For anyone who has despaired that there are no solutions to the problems of global warming and runaway energy consumption, Earth: The Sequel may be for you.

The authors call it a sequel because it is the "story of the next new thing that none of us can afford to miss: how the multi-trillion dollar energy sector is being transformed — right now — by the American entrepreneurial spirit."

The new book, subtitled "The Race to Reinvent Energy and Stop Global Warming," highlights innovative, big-idea, real-world solutions, and the people behind them, that are exciting and energizing. It's written by Fred Krupp, president of Environmental Defense Fund, and journalist Miriam Horn.

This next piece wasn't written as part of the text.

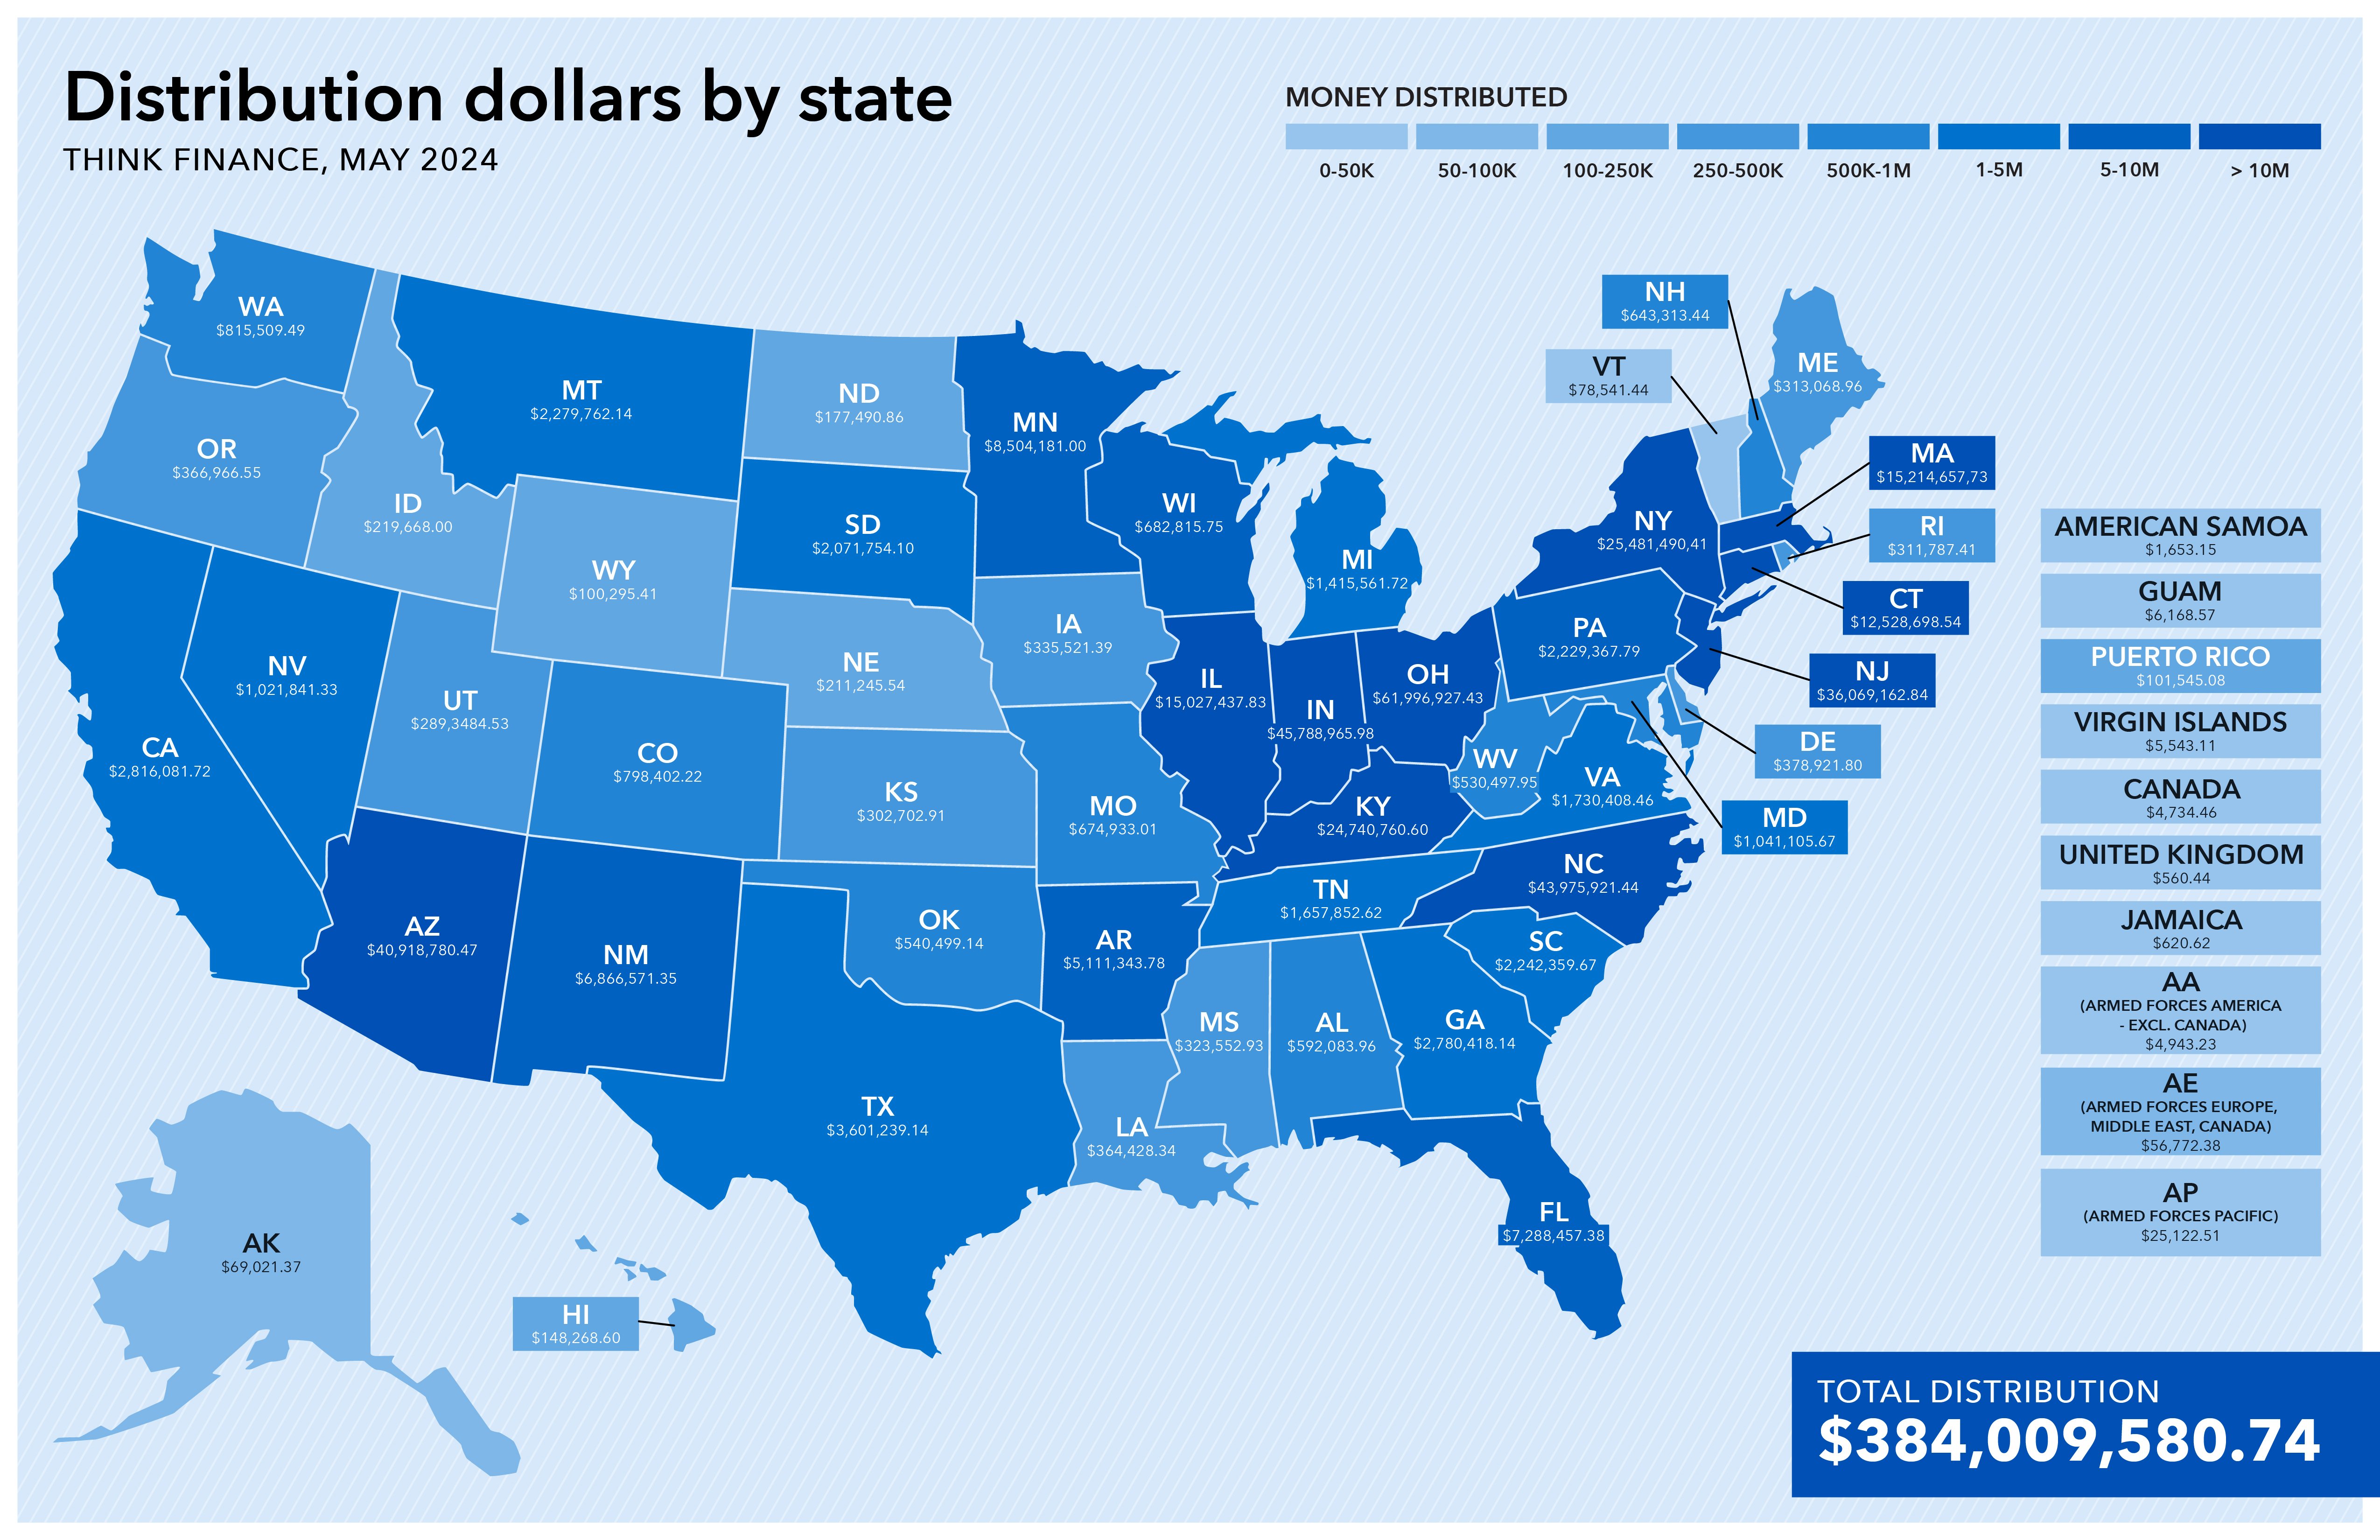 This graphic depicts a map of the United States. Each state includes the state abbreviation and the amount of money returned to consumers in that state from the CFPB’s victims relief fund. The total distribution is $384,009,580.74 to 191,672 consumers. Active-duty military living in America, not including Canada, received $4,943.23. Active-duty military living in Europe, Middle East, and Canada received $56,772.38. Consumers in Alaska received $69,021.37. Consumers in Alabama received $592,083.96. Active-duty military living in received $25,122.51. Consumers from Arkansas received $5,111,343.78.  Consumers from American Samoa received $1,653.15. Consumers from Arizona received $40,918,780.47. Consumers from California received $2,816,081.72.  Consumers from Colorado received $798,402.22. Consumers from Connecticut received $12,528,698.54.  Consumers from the District of Columbia received $158,707.18.  Consumers from Delaware received $378,921.80.  Consumers from Florida received $7,288,457.38.  Consumers from Georgia received $2,780,418.14.  Consumers from Guam received $6,168.57.  Consumers from Hawaii received $148,268.60.  Consumers from Iowa received $335,521.39.  Consumers from Idaho received $219,668.00.  Consumers from Illinois received $15,027,437.83.  Consumers from Indiana received $45,788,965.98.  Consumers from Kansas received $302,782.91.  Consumers from Kentucky received $24,740,760.60.  Consumers from Louisiana received $364,428.34.  Consumers from Massachusetts received $15,214,657.73.  Consumers from Maryland received $1,041,105.67.  Consumers from Maine received $313,068.96.  Consumers from Michigan received $1,415,561.72.  Consumers from Minnesota received $8,504,181.00.  Consumers from Missouri received $674,933.01.  Consumers from Mississippi received $323,552.93.  Consumers from Montana received $2,279,762.14.  Consumers from North Carolina received $43,975,921.44.  Consumers from North Dakota received $177,490.86.  Consumers from Nebraska received $211,245.54.  Consumers from New Hampshire received $643,313.44.  Consumers from New Jersey received $36,069,162.84.  Consumers from New Mexico received $6,866,571.35.  Consumers from Nevada received $1,021,841.33.  Consumers from New York received $25,481,490.41.  Consumers from Ohio received $61,996,927.43.  Consumers from Oklahoma received $540,499.14.  Consumers from Oregon received $366,966.55.  Consumers from Pennsylvania received $2,229,367.79.  Consumers from Puerto Rico received $101,545.08.  Consumers from Rhode Island received $311,787.14.  Consumers from South Carolina received $2,242,359.67.  Consumers from South Dakota received $2,071,754.10.  Consumers from Tennessee received $1,657,852.62.  Consumers from Texas received $3,601,239.14.  Consumers from Utah received $289,484.53.  Consumers from Virginia received $1,703,408.46.  Consumers from the Virgin Islands received $5,543.11.  Consumers from Vermont received $78,541.44.  Consumers from Washington received $815,509.49.  Consumers from Wisconsin received $682,815.75. Consumers from West Virginia received $530,497.95. Consumers from Wyoming received $100,295.41. Consumers from Jamaica received $620.62. Consumers from the United Kingdom received $560.44. Consumers from Canada received $4,734.46.

“The moment that America’s political leaders act to limit global warming pollution, we’ll see private investors rush to get behind these bold new inventions and bring them to market,” Krupp said in a press release. “New fortunes will be made that will dwarf the megafortunes of the information technology revolution.”

Among the strategies highlighted in the book, in the words of its publisher:

  • Scientists at California-based Innovalight have found a cheap substitute for costly solar panels: they dissolve silicon nanocrystals in ink that can be printed onto any surface to harvest solar energy.

  • The founders of Amyris are reengineering yeast so it can ferment sugar into pure hydrocarbon fuels, virtually identical to jet fuel, diesel and gasoline.

  • Cambridge-based GreenFuel feeds carbon dioxide from power plant smokestacks to algae and then turns the algae into biodiesel, aiming to clean up pollution and beat oil at $60 per barrel.

  • A tribe of Native Americans, fishermen for 2,000 years in the roughest waters of the North Pacific, are now working to harvest the fierce power of the waves themselves.

  • A New Jersey neurobiologist is developing a scrubber for coal plant smokestacks using the same enzyme that removes carbon dioxide from the human bloodstream.

  • An MIT bioengineer redesigns viruses so that they grab conductive metals and assemble themselves into the most powerful batteries ever seen.